Saban’s great. We get it. But can we pause to embrace Georgia?


This started as a Nick Saban column, an assessment of the best college football coach in the game and perhaps the best coach in all of American sports. His Alabama team punished the top-ranked Clemson Tigers, 24-6, in the Sugar Bowl late Monday, sending the Tide to the national title game for the third time in four years and offering Saban a chance at his sixth championship.

Then the “S-E-C! S-E-C!” chants rang out. Saban remains a worthy topic, but one that can wait another week. He and Alabama have become such a fixture of the national title conversation each year that fitting him with a crown before another championship trophy is in his hands feels a bit unseemly.

The Tide will meet Georgia next week in the title game, after the Bulldogs came back to beat Oklahoma in a thrilling, 54-48, double-overtime victory in the other College Football Playoff semifinal in the Rose Bowl.

“So Georgia came back? SEC Championship,” said Saban after his own team’s victory, allowing a rare smile.

Next Monday in Atlanta, Saban will look to the other sideline and see Kirby Smart, his former defensive coordinator now in his second season as the coach of the Bulldogs. It is the second time in the last seven seasons the SEC has had both teams in a title game; in 2012, Saban’s Alabama beat LSU.

This time, however, the title game transcends chest beating about how the SEC is the cradle of college football. Alabama might as well be the NFL’s 33rd franchise. It had 44 players on NFL rosters this season, according to the NCAA, and Saban, at $7 million-plus a year, is paid more than many of his professional colleagues.

The Tide not only dominated Clemson, the defending national champion, but also left the Tigers’ coach, Dabo Swinney, measuring his players against the Crimson Tide and finding them wanting.

“The lesson, again, is championship football is a few plays and a very small margin for error,” Swinney said. “You have got to be able to run the ball effectively and take care of the ball. And we didn’t do those things tonight.

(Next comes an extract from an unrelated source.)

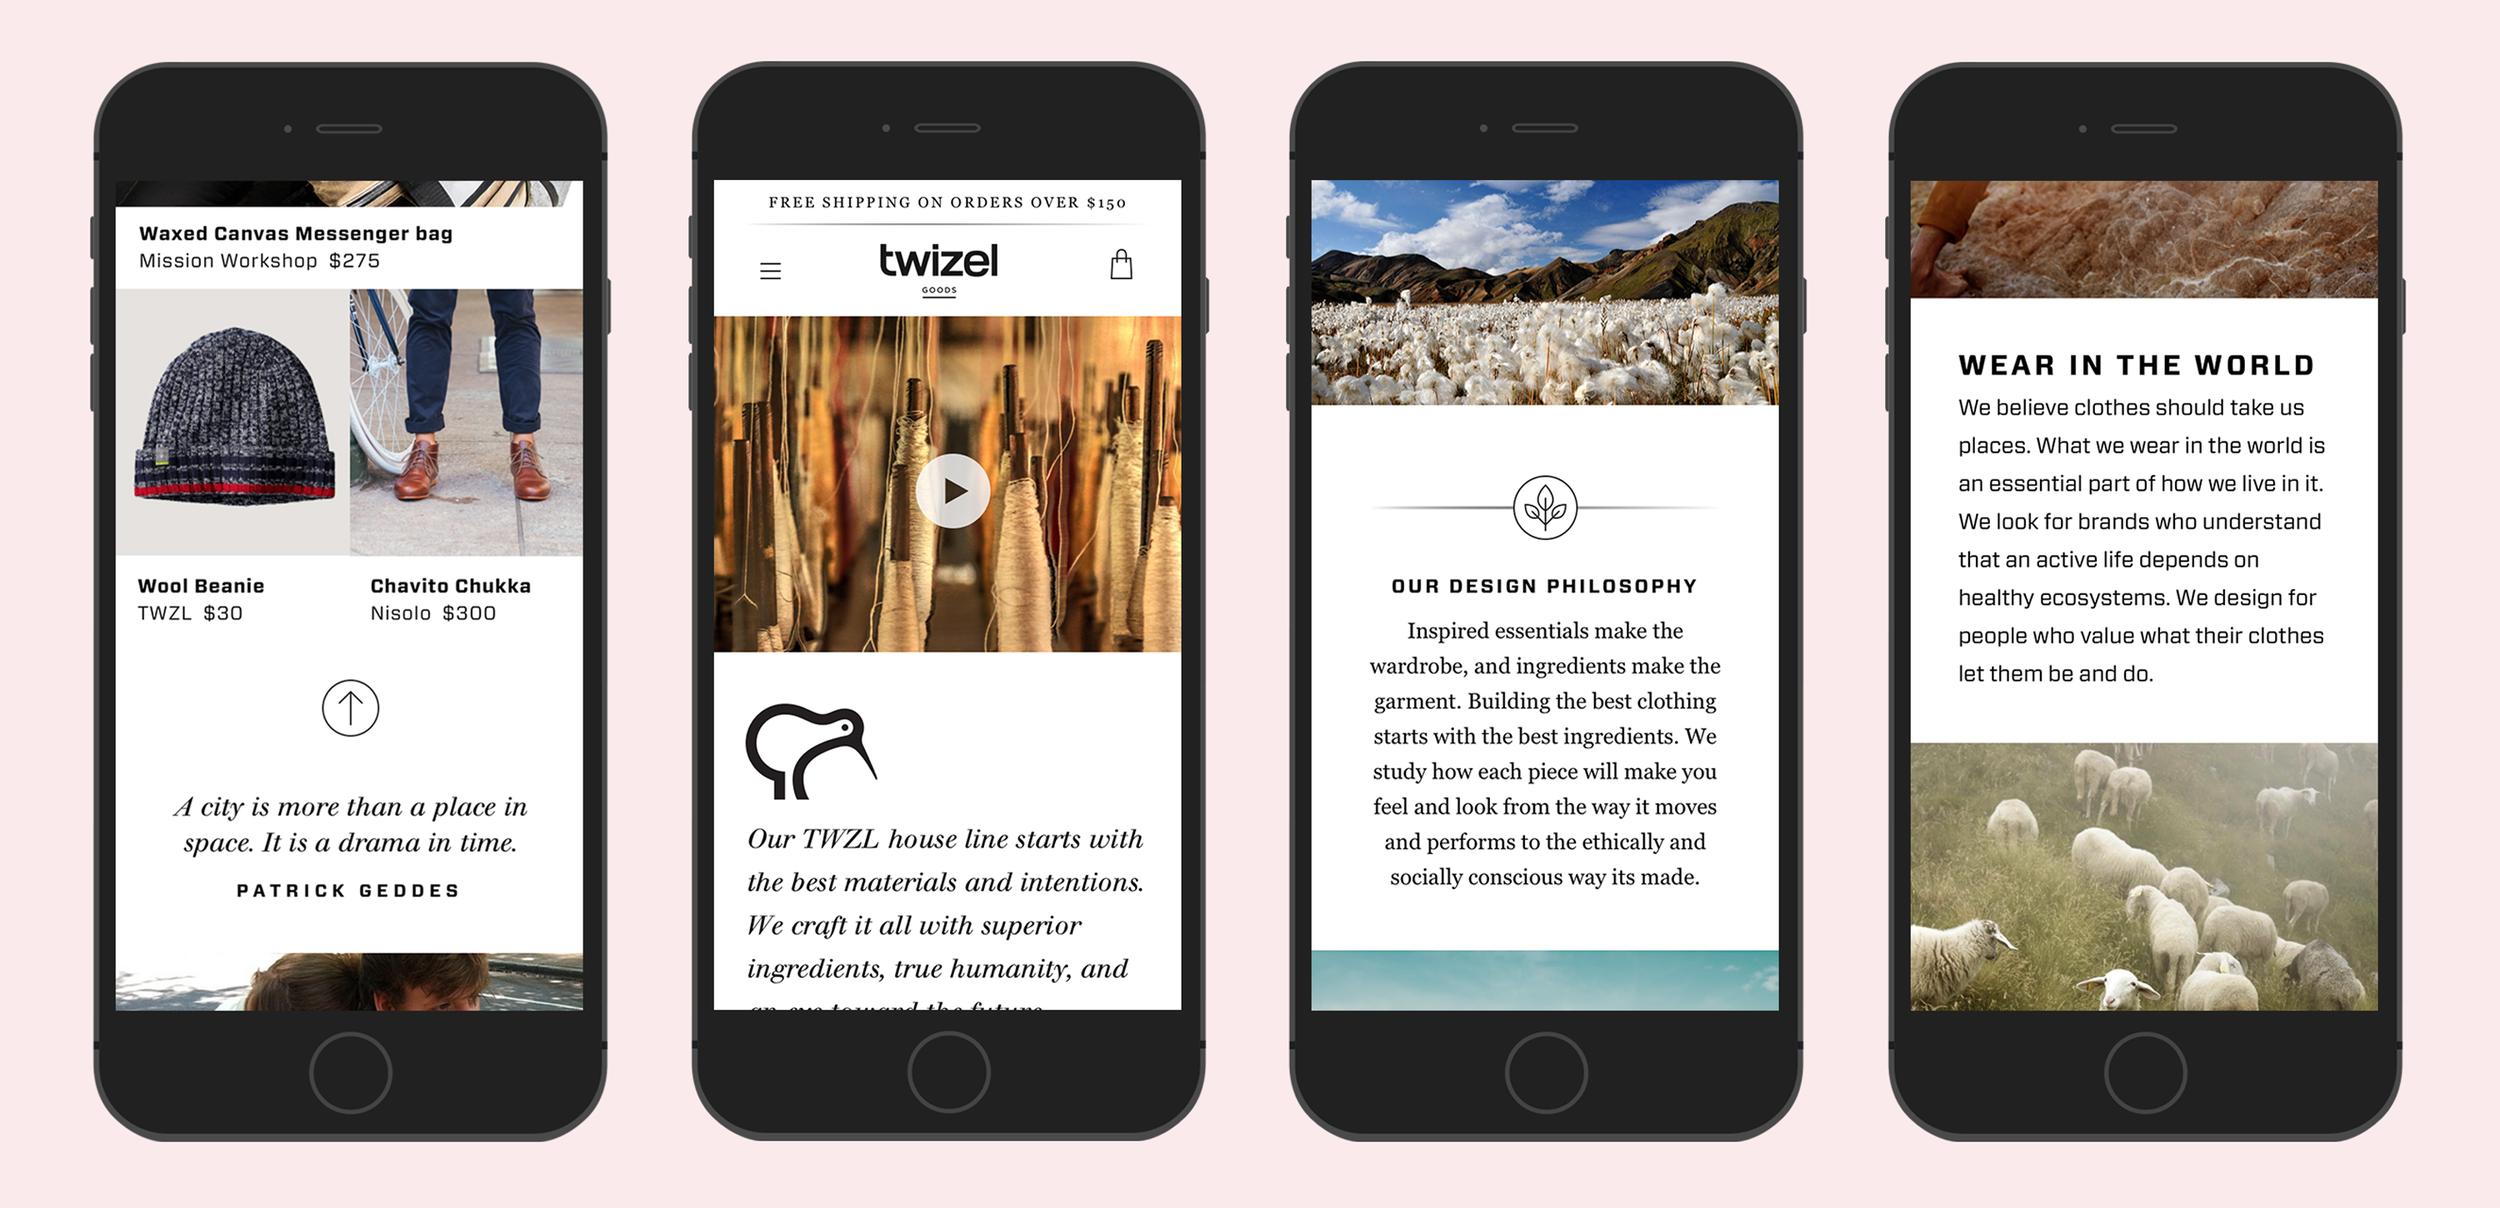 twizel-mobile-screens-2.png
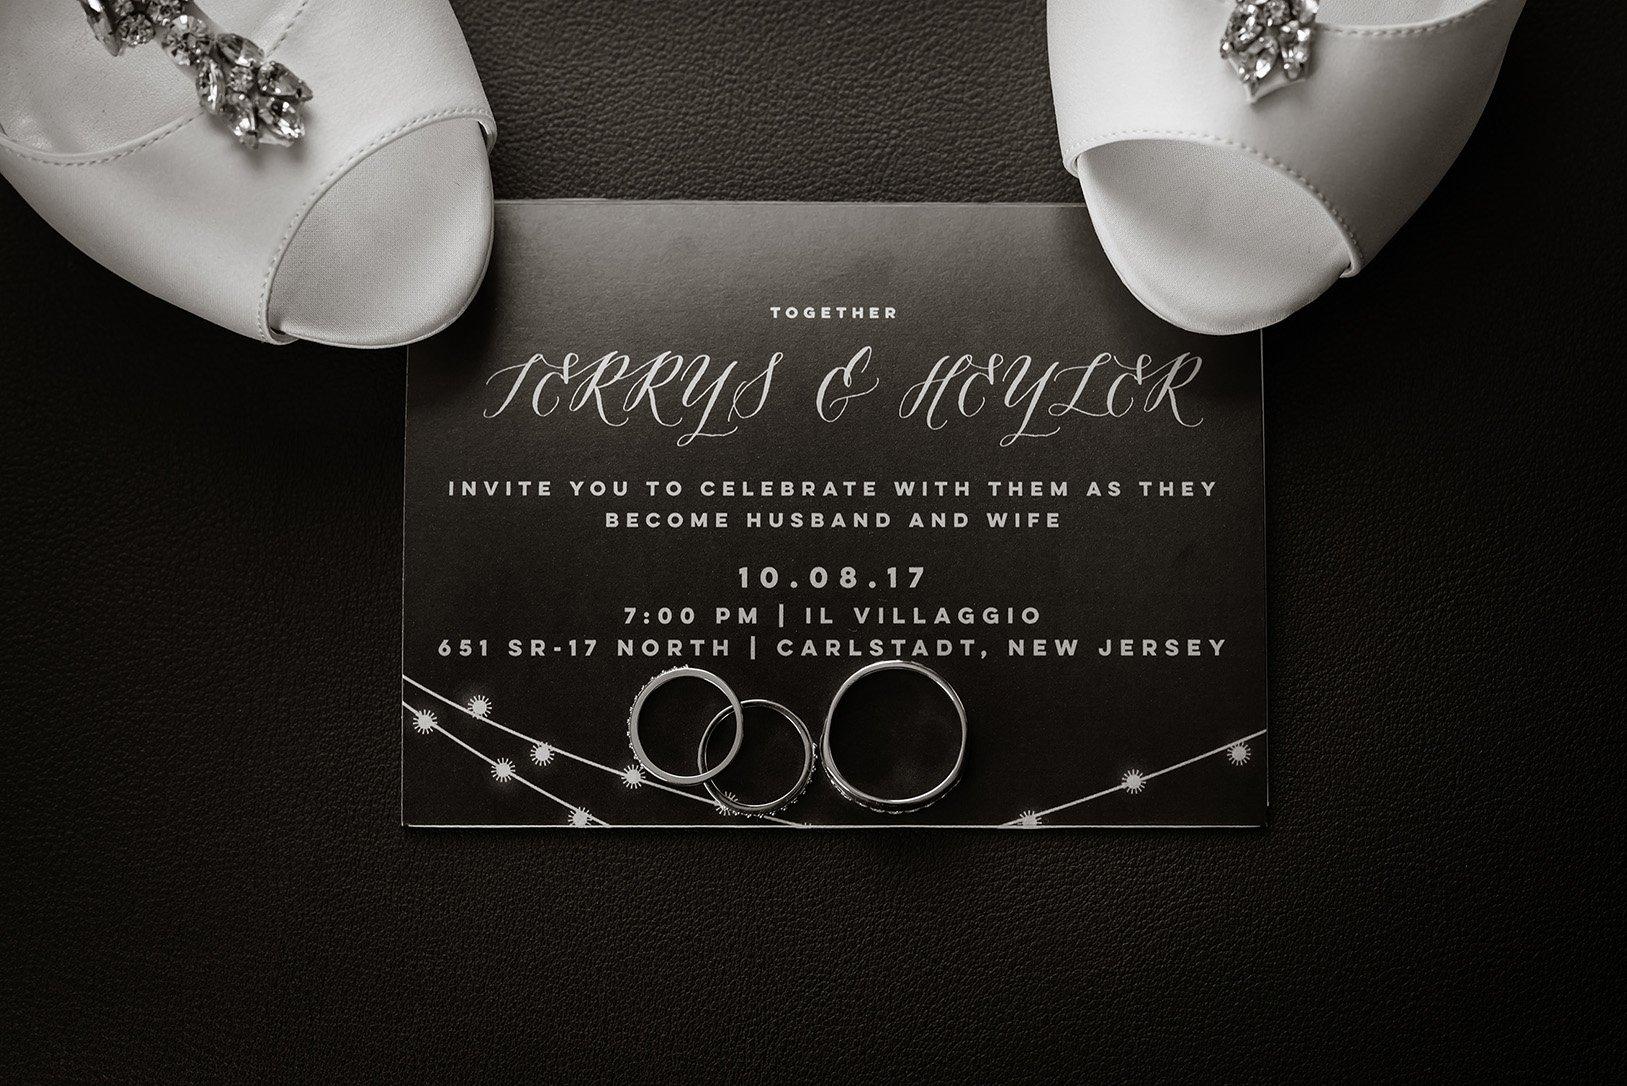 New-Jersey-Wedding-Photo-Details Details

And you’re not going to beat a good team like Alabama when you don’t do that.”

But if Alabama is SEC — and college football — royalty, then the Bulldogs are the closest thing to a feel-good program that the conference can offer, something I learned firsthand as a reporter for The Atlanta Journal-Constitution.

I thought I knew college football: I had come from Texas after growing up in the Midwest in what was then Big 8 Country. The man who would teach me most of what I know in journalism, however, showed me everything that was important about football in the South.

Plott Brice was an Atlanta native and a Georgia graduate who liked to say that he “learned to read on my granddaddy’s knee by turning the pages of the AJC.” He was a voracious reader, an accomplished bluegrass musician and an expert of all things newspapering. He handled hot type, laid out pages, covered Wimbledon and, as national editor, dispatched young reporters on ambitious assignments from Cuba and Romania to South Africa and the Soviet Union.

On Saturdays, however, Brice’s heart and soul belonged to the Georgia Bulldogs. There was nothing more sacred to him than the 60-mile pilgrimage to Sanford Stadium in Athens to watch the Dawgs do battle “between the hedges,” a nod to the privet hedges that have surrounded the field there since 1929.

Brice shared each game day with his wife and sisters and Larry Munson, the voice of Georgia football for over 40 years and a homer’s homer if there ever was one. Brice wore a transistor in his ear when he went to games and tuned his stereo to Munson when he was watching at home.

He had a tape of Munson’s most famous call, a 92-yard touchdown reception from the cinematically named quarterback Buck Belue to Lindsay Scott that beat Florida and kept Georgia’s 1980 national title drive alive. Years later, he still could recite it word for word.

In the decades since Dooley stepped down after the 1988 season, his successors have won four conference titles and 18 bowl games — excellent perhaps, but not what Smart, groomed inside Saban’s annual bids for perfection, calls “elite.”

No one is surprised Alabama will be in Atlanta next week. Before the playoff started, the Crimson Tide was a 3-2 favorite in Las Vegas to win another title despite being the No. 4 seed. As soon as the semifinals ended, Alabama opened as 4-point favorite over third-seeded Georgia in the title game.

Saban said early Tuesday morning that he was looking forward to the game with his former pupil in Atlanta, and to the showcase the SEC will get in the national championship game. He and his colleagues are familiar with this time of year; Monday’s game, however it ends, will give the league nine of the past 12 national titles.

“I think sometimes people try to put a little hate on the SEC because of some of the success that we have,” Saban said. “And I don’t think that is really fair because I think it’s a great competitive league with a lot of great coaches and a lot of great institutions.”

If Brice were still alive, he’d be in Dawg heaven. Each college football weekend for nearly 20 years, he and I got on the phone with the point spreads and bet $5 a game on a dozen or so matchups. When it came to Georgia, I always bet against the Bulldogs, much to his delight.

Not this time. I’m betting Georgia is going to push that Saban column back a year.